Suffolk Superior Court's Robert Tochka ruled that those represented by the Massachusetts Nurses Association must adhere to the vaccination policy set forth by Brigham and Women’s Hospital. Judge Tochka's action was in response to a lawsuit filed by the association, which represents 3,400 employees at the facility, alleging the hospital's requirement amounted to unfair control over personnel. However, in his decision issued Nov. 29, the judge disagreed.
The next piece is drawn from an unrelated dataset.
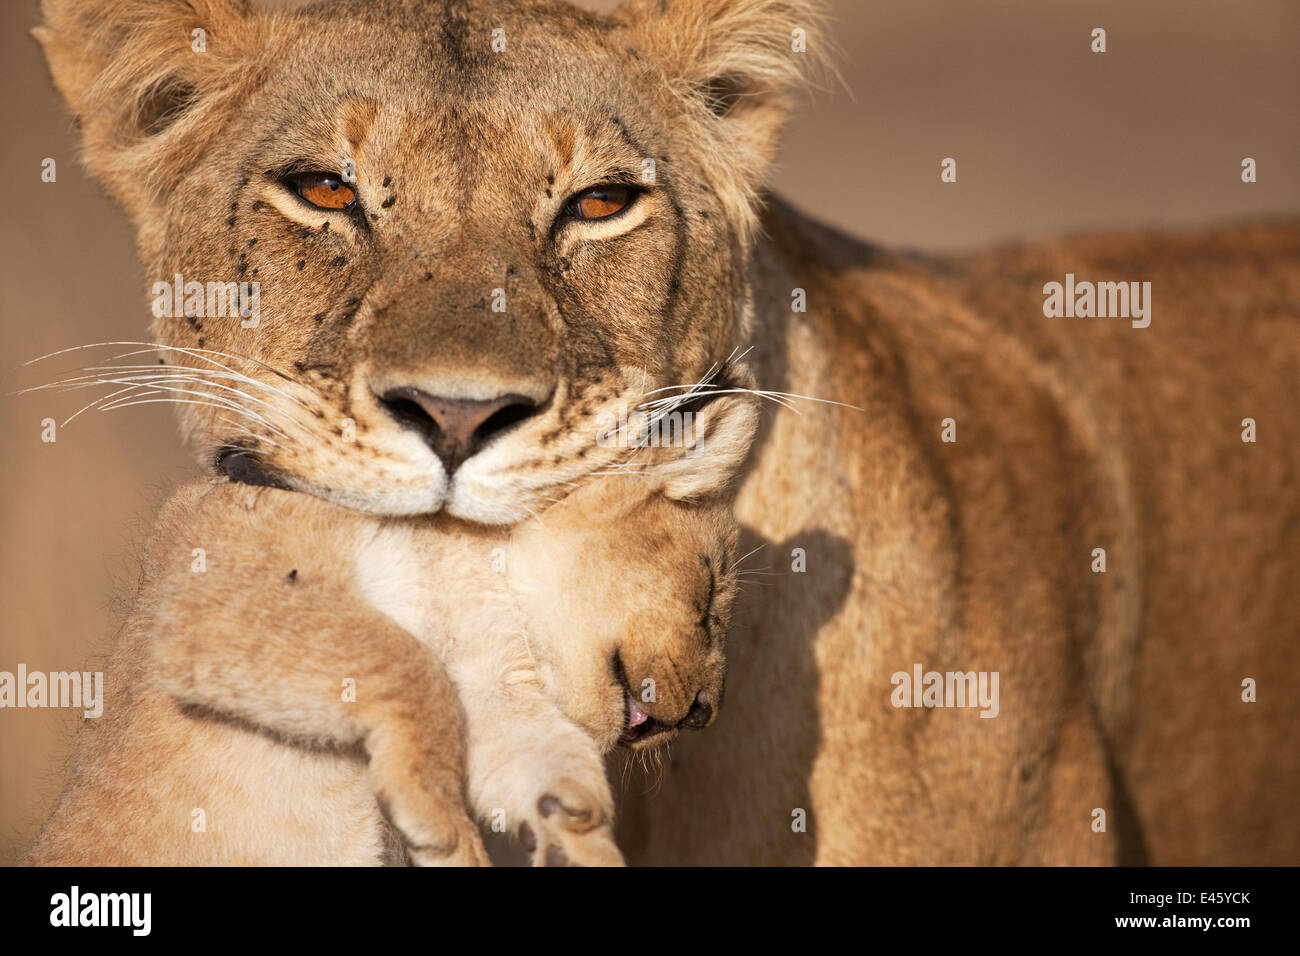 Löwin (Panthera Leo) trägt ihr junges im Alter von 2-3 Monaten. Masai Mara National Reserve, Kenia. August 2009. Stockfoto

“MNA’s speculative claim of potential harm to an unspecified number of unidentified nurses," he wrote in his decision, "is not adequate to outweigh the risk of harm to the hospital, its employees, and its patients if there is an outbreak of the flu.”

We couldn't agree more.

As we reported recently, in the United States the flu annually kills between 3,300 and 49,000 people, with an average yearly death toll of roughly 36,000. So with something so lethal that can be halted with something so simple and innocuous, it's rather astounding that healthcare workers, of all people, would take such an anti-science stand.

In its policy, Brigham and Women’s carved out exceptions for workers with medical or religious exemptions, but those employees are required to wear face masks. But apparently, to discourage union members from flouting the policy, the hospital included the prospect of dismissal for noncompliers, an event that rankled the MNA and helped fuel the lawsuit.

“We think it’s a bad decision, but we’ve had to encourage nurses to comply with the policy,” stated MNA representative David Schildmeier, talking to the Boston Globe “Our position remains the same. To maintain this as a fireable offense... is really outlandish.”

The Massachusetts Nurses Association, which represents over 23,000 registered nurses, is "the largest union and professional association of registered nurses and health professionals in the state, and the third largest in the nation," according to its website.

Protecting oneself is a great reason to get a flu shot. Another, as Manish Sadarangani, Asst. Professor at the University of British Columbia, wrote recently in an article published on our site, is to assist those around us who are most vulnerable.

"People at greatest risk of severe influenza are seniors (65 years and older), young children (under five years)," he wrote, "residents of nursing homes and other chronic-care facilities, pregnant women and people with chronic medical conditions."

There are many excellent reasons to have a union work on an employee's behalf. But with all due respect to individual freedoms, opposing a simple – and potentially life-saving – flu shot is certainly not one of them.